Within the records that follow, restate exactly the lines from the line with "eea1ab8eb73dc1 Prix de" down to the line with "Juvena Epigen Lifting", including both. Omit the pictures.

§ RECORDS SHOWN
------------------------------------------------------------

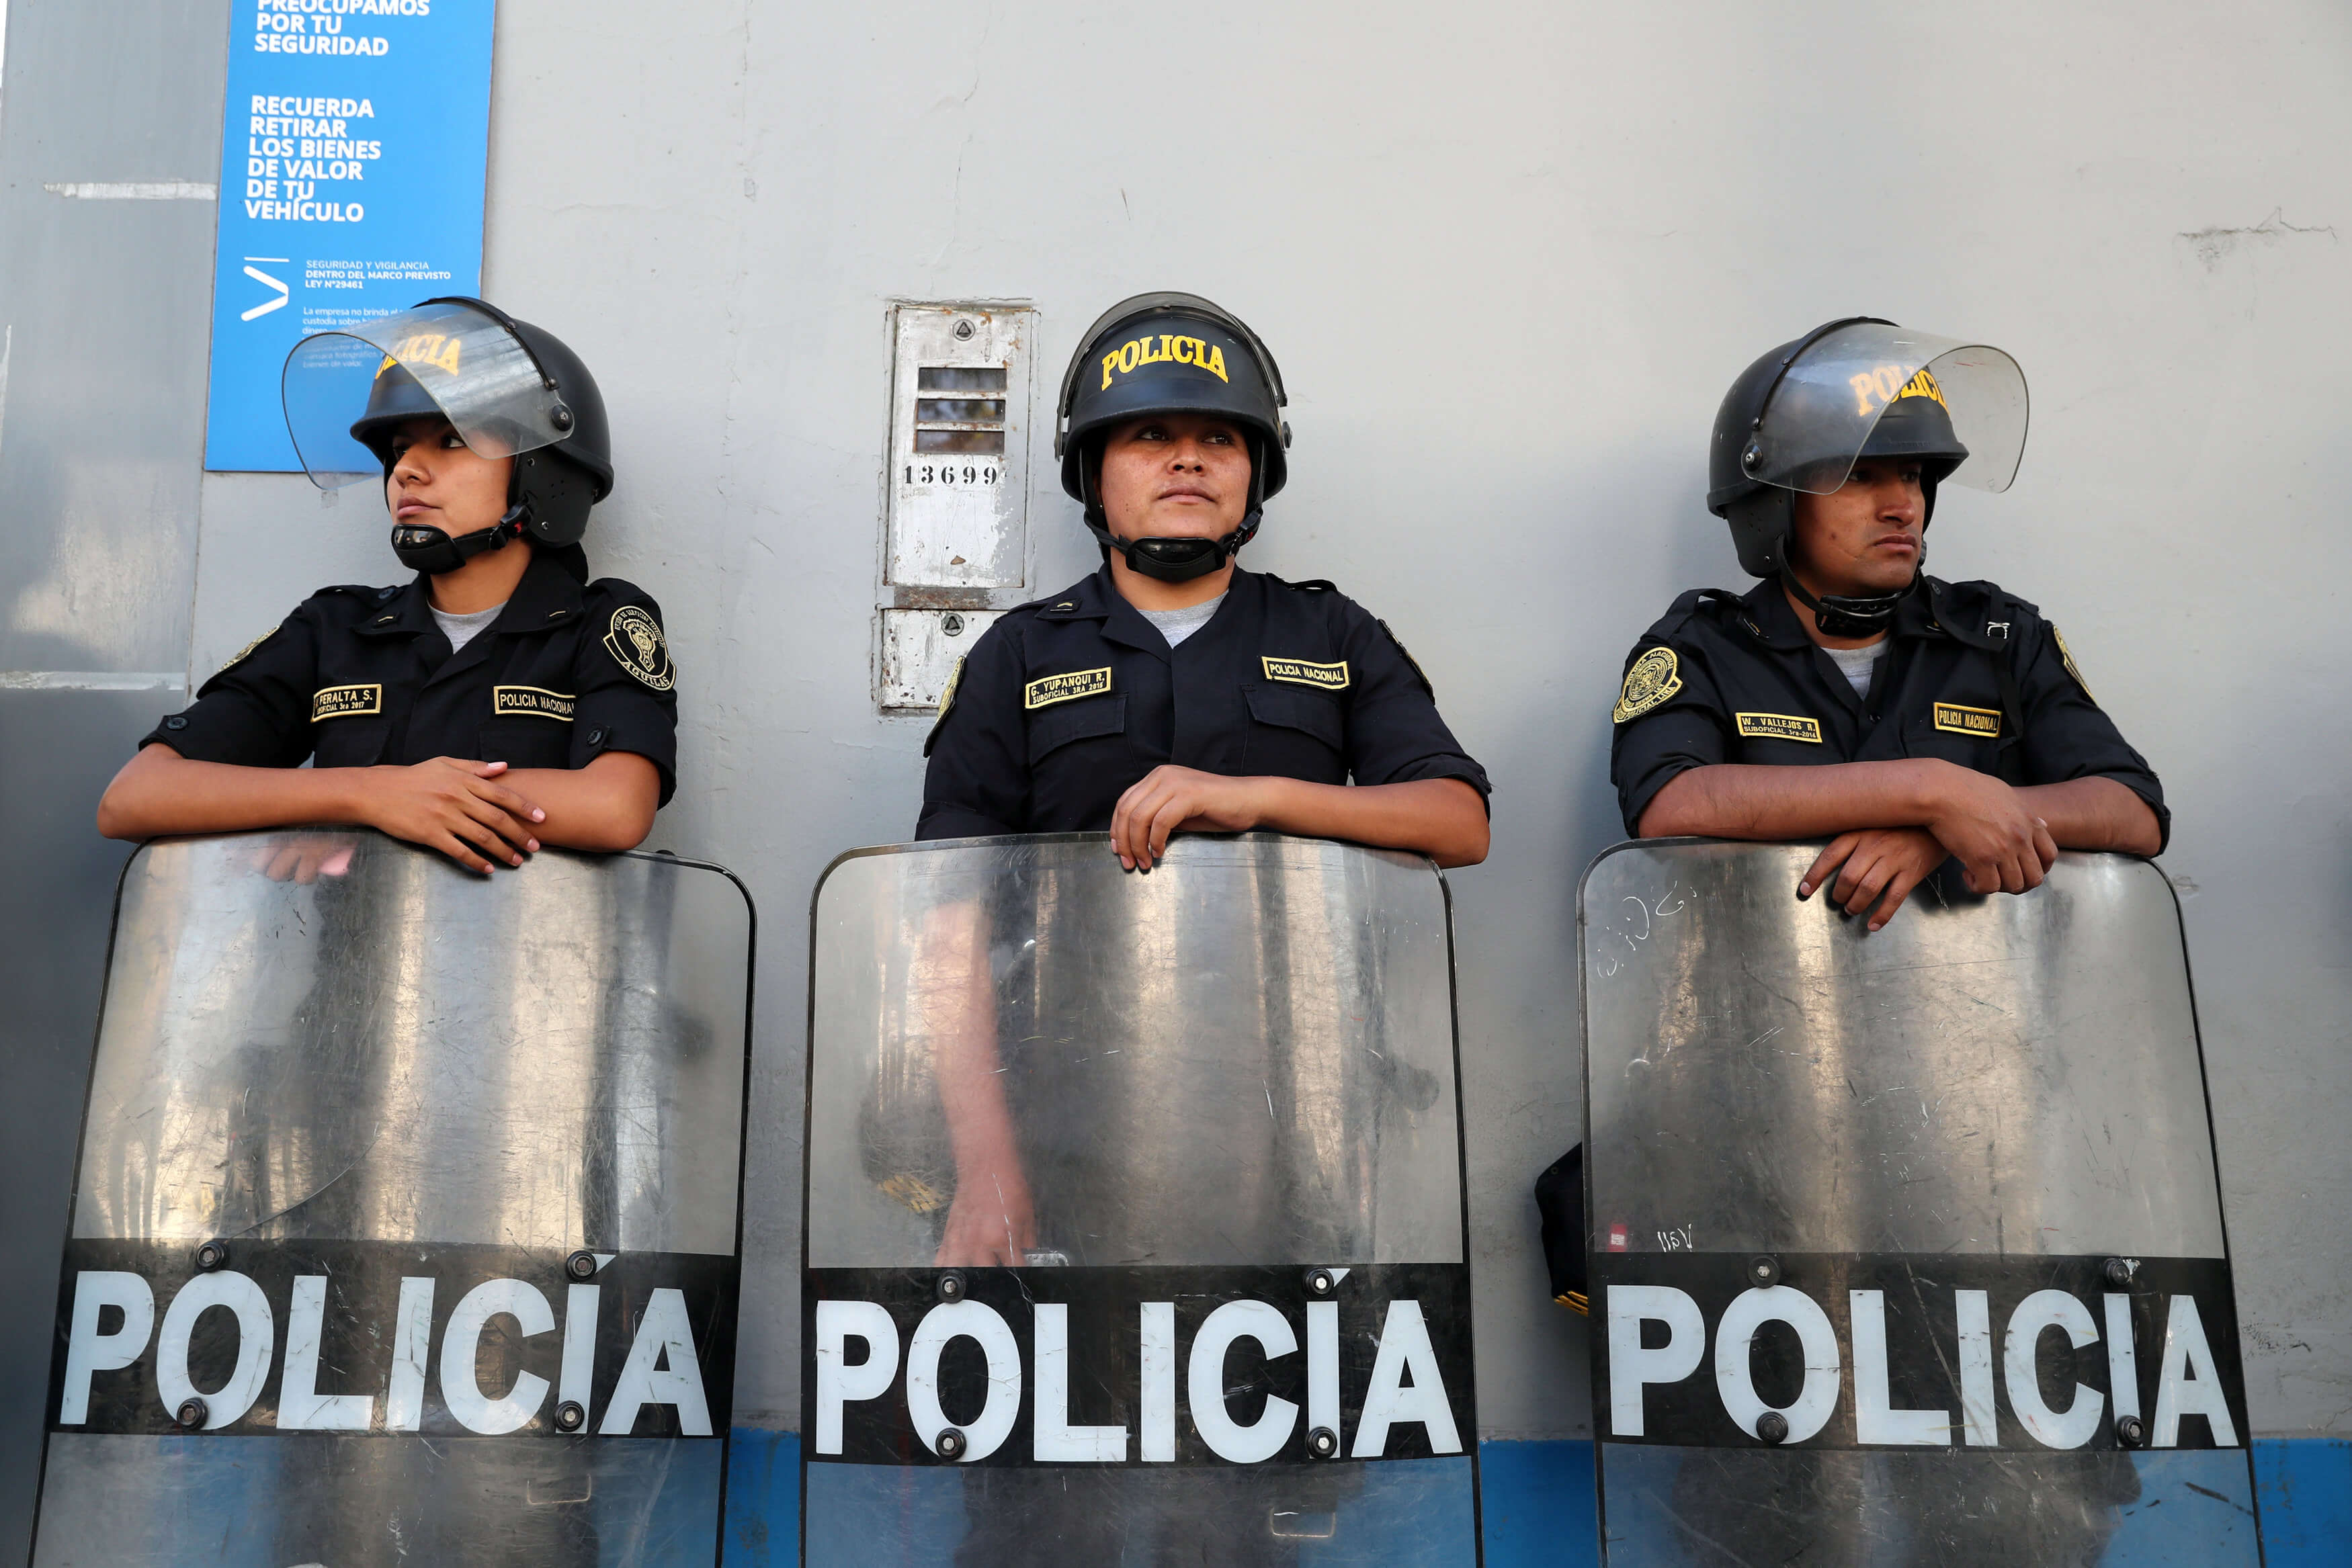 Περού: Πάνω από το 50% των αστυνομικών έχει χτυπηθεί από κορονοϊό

------------------------------------------------------------

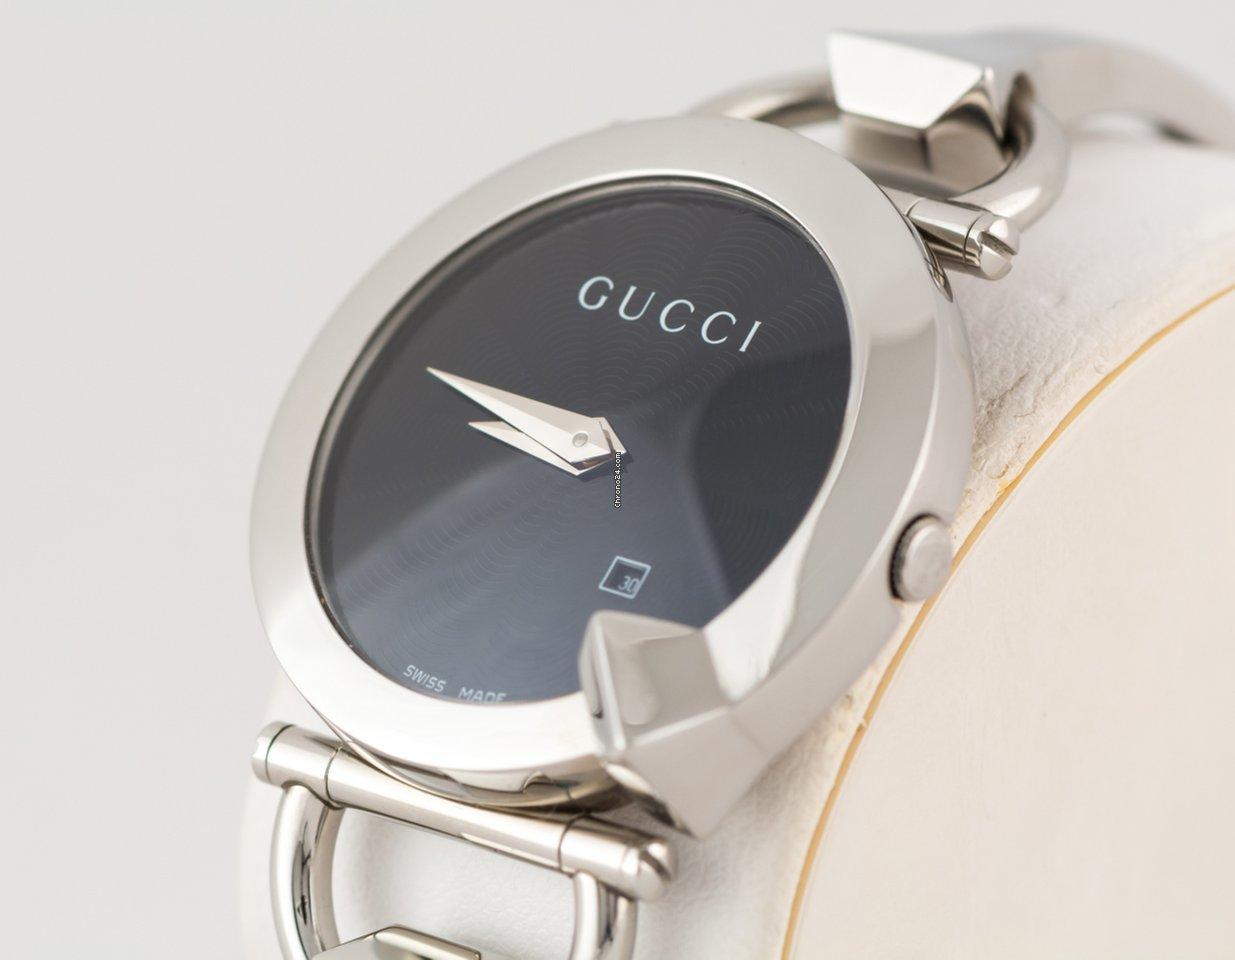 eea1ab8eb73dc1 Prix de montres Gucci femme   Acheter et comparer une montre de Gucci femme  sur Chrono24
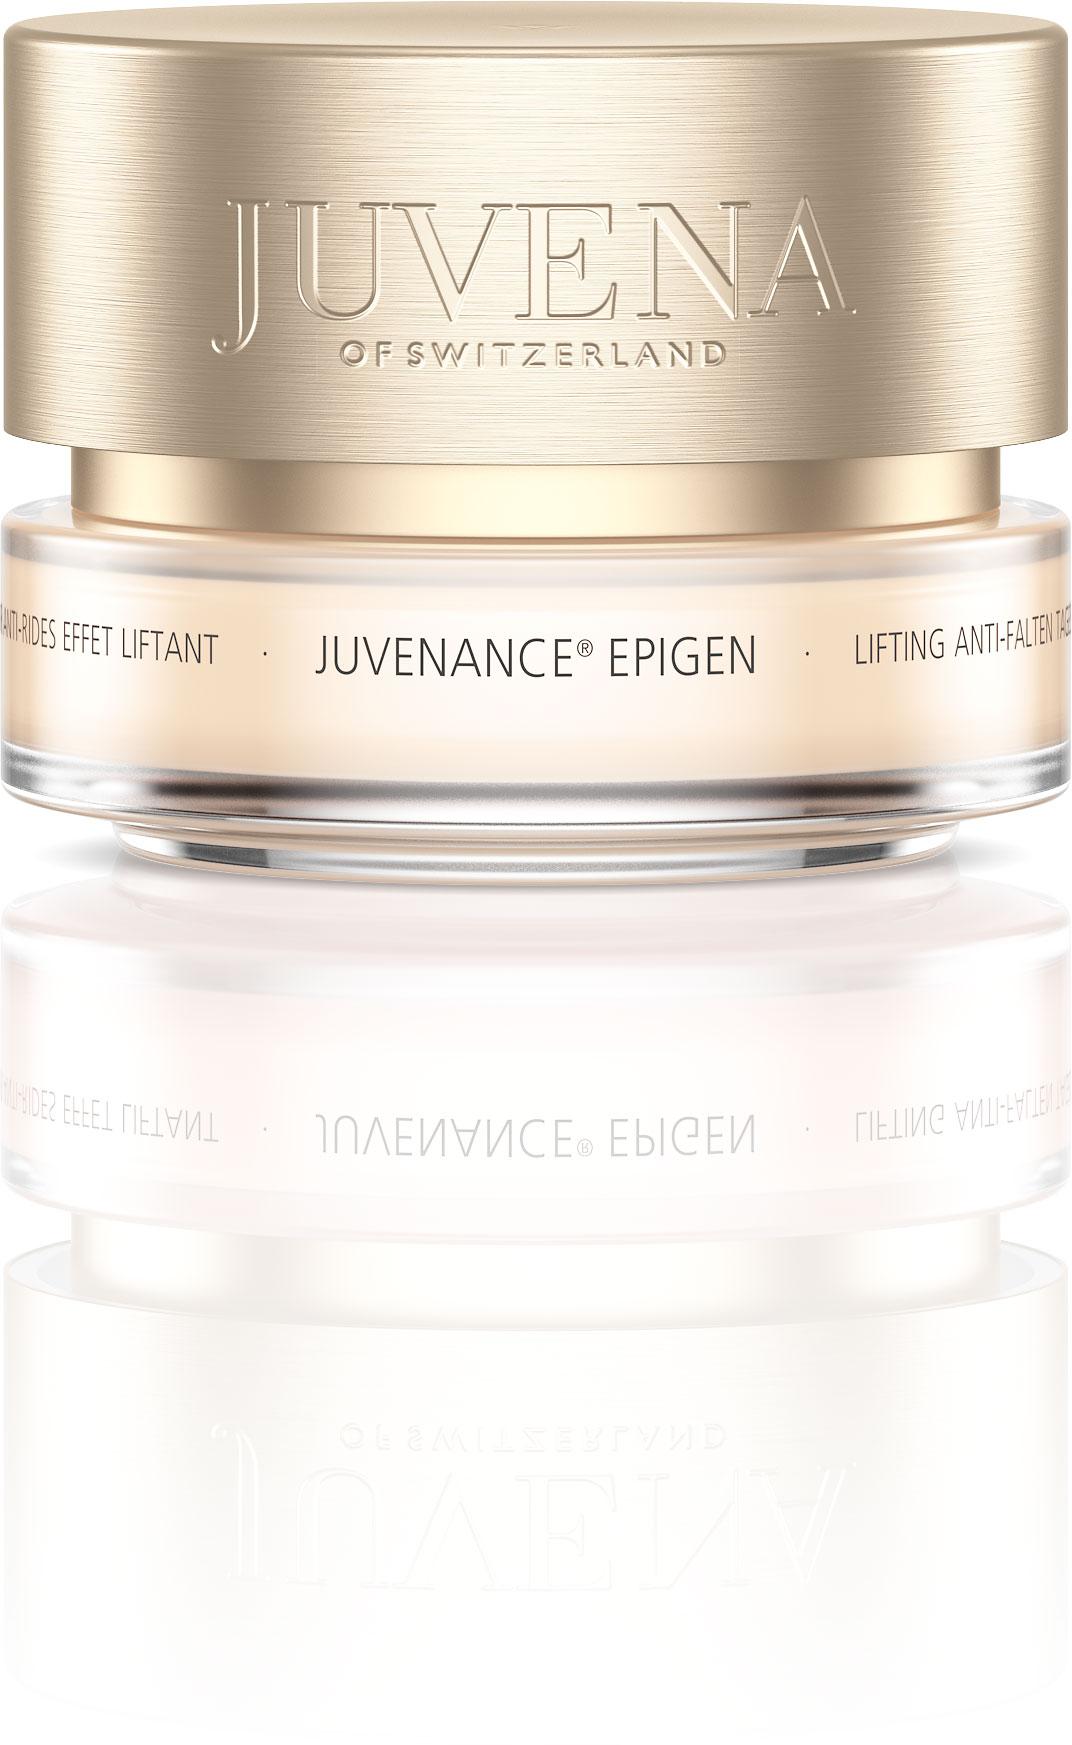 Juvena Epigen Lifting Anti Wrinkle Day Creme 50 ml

------------------------------------------------------------

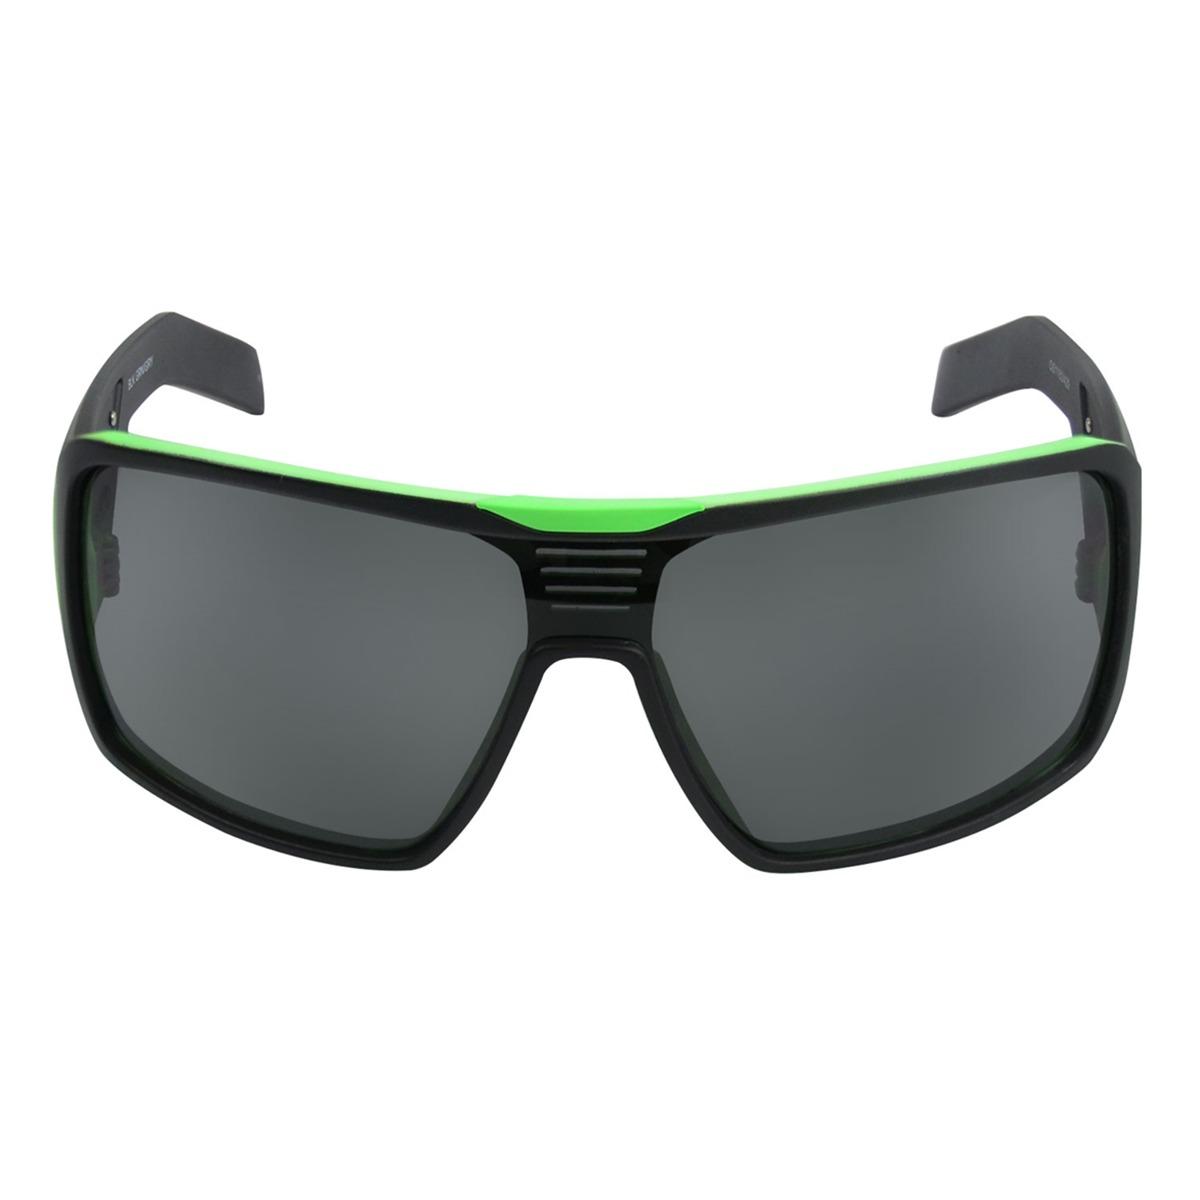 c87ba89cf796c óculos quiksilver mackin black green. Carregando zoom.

------------------------------------------------------------

§ RESULT OF THE EXERCISE
 eea1ab8eb73dc1 Prix de montres Gucci femme   Acheter et comparer une montre de Gucci femme  sur Chrono24
 Juvena Epigen Lifting Anti Wrinkle Day Creme 50 ml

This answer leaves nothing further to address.